**Given information:**
•••

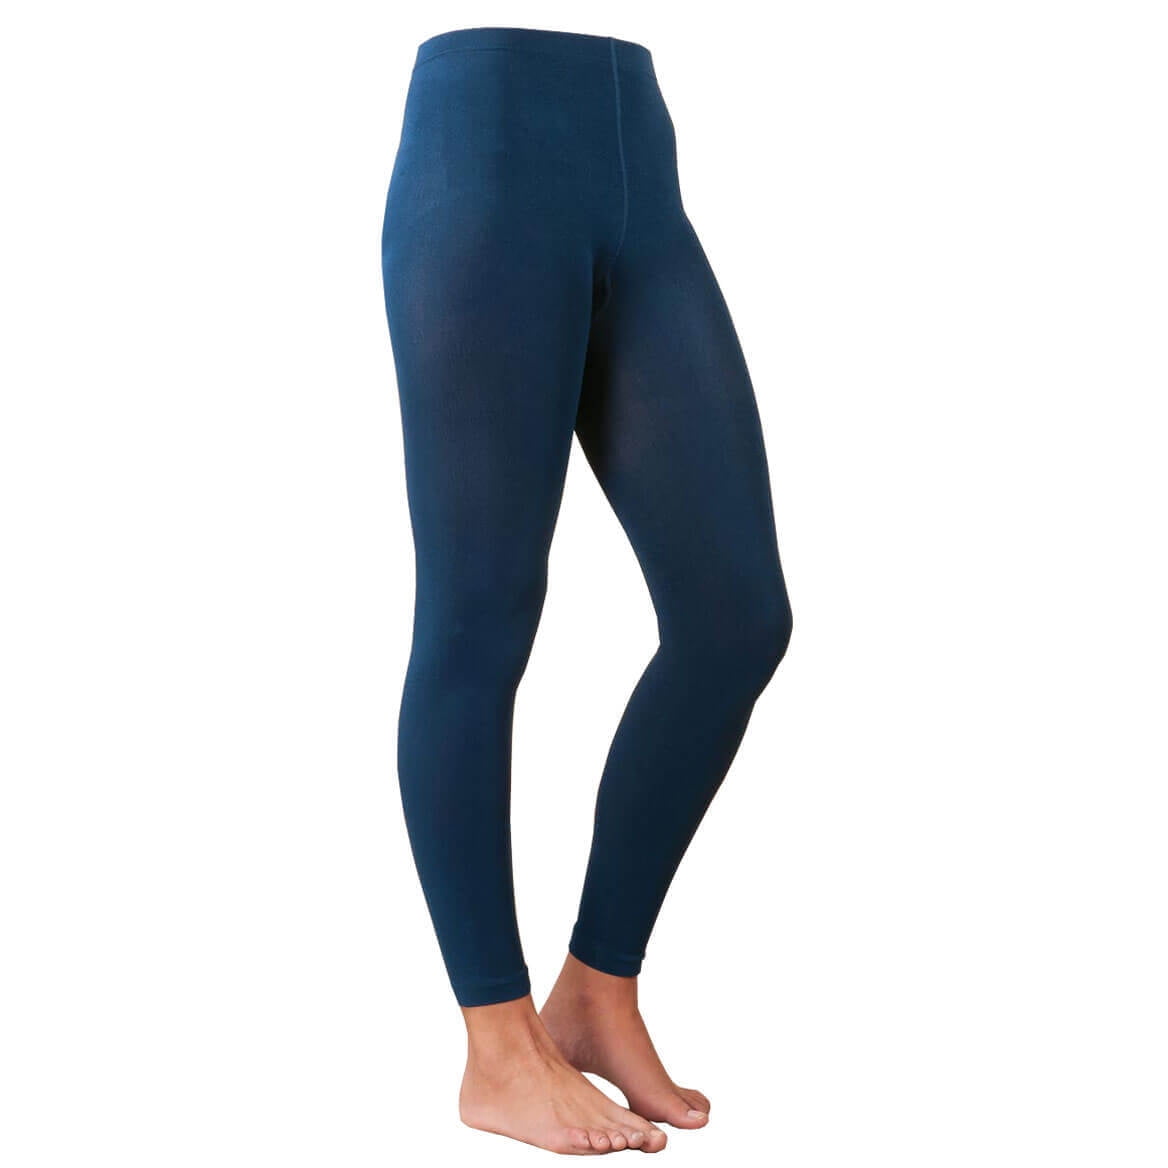 Fleece Lined Leggings by Sawyer Creek, Premium Fabric Blend, Stretchy for  Comfort - Medium/Tall, Black 
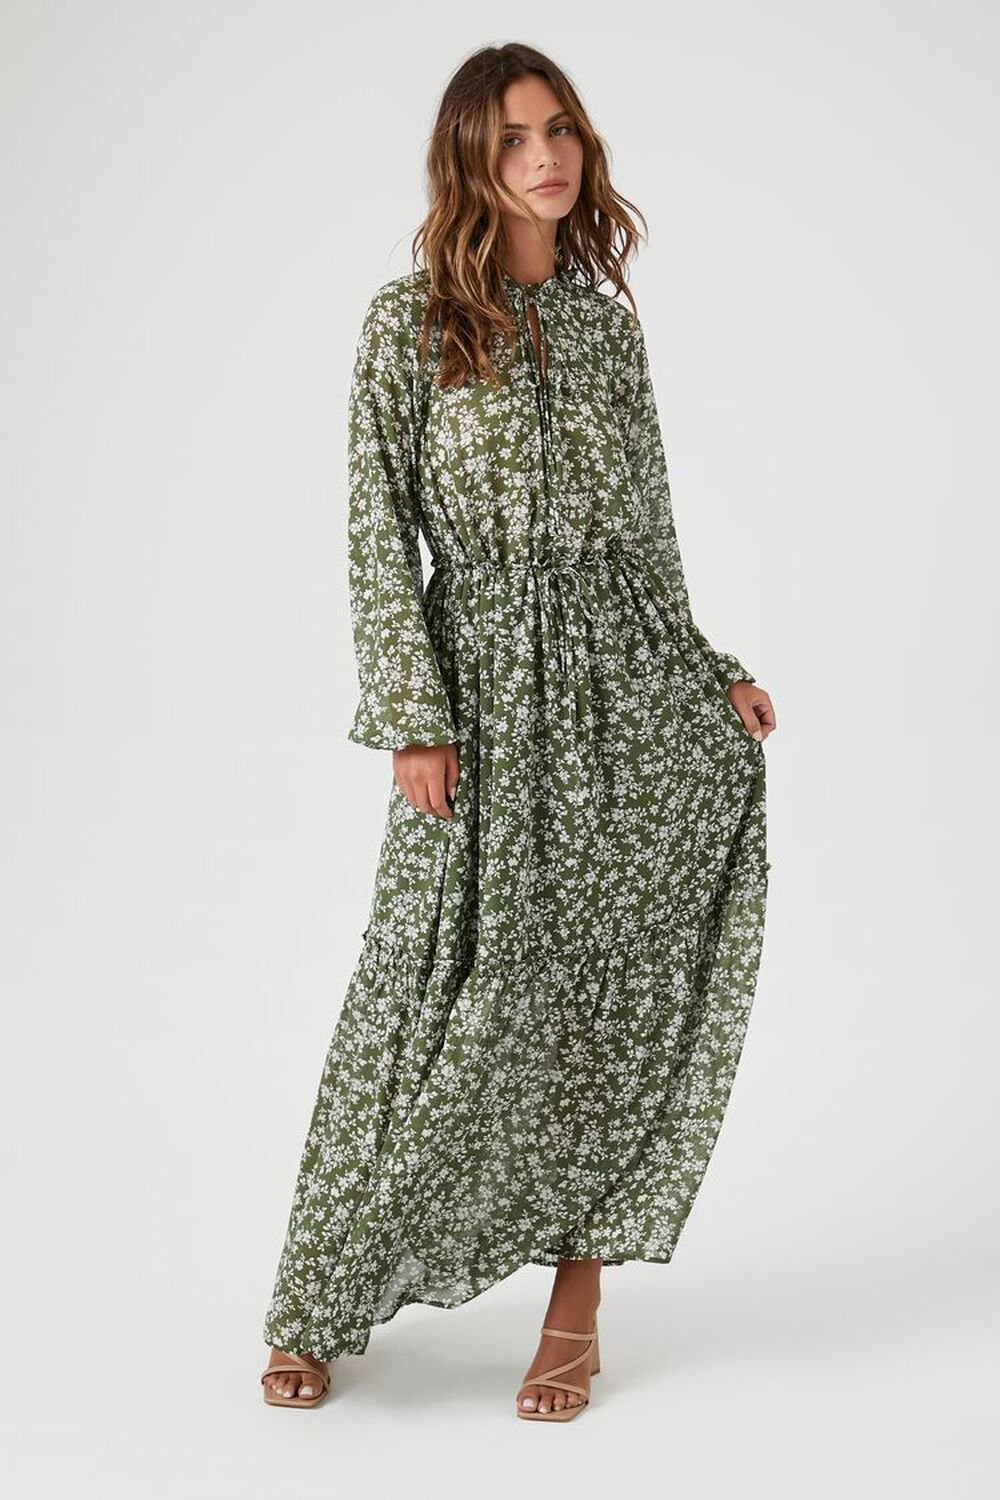 OLIVE/MULTI Chiffon Floral Print Midi Dress, image 1
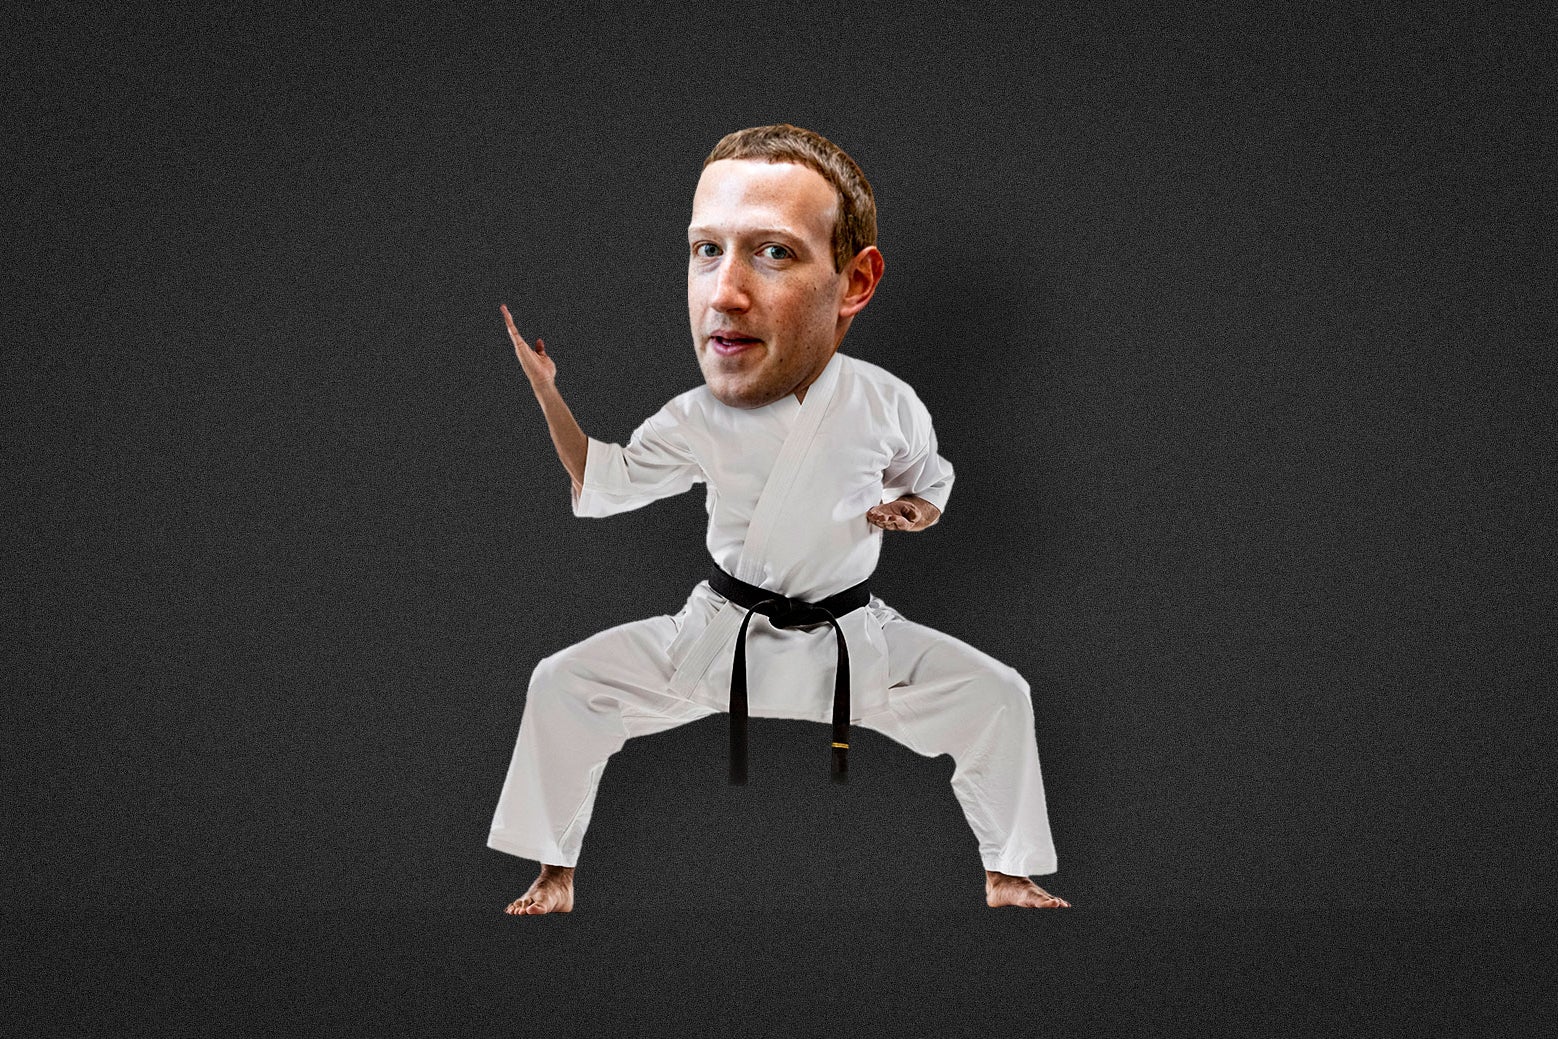 Mark Zuckerberg on jiujitsu start: I got beaten up a lot

•••

**Exercise aim:** Output everything in the material exactly. Pictures stay out of it.

**Response area:**
 Fleece Lined Leggings by Sawyer Creek, Premium Fabric Blend, Stretchy for  Comfort - Medium/Tall, Black 
 OLIVE/MULTI Chiffon Floral Print Midi Dress, image 1
 Mark Zuckerberg on jiujitsu start: I got beaten up a lot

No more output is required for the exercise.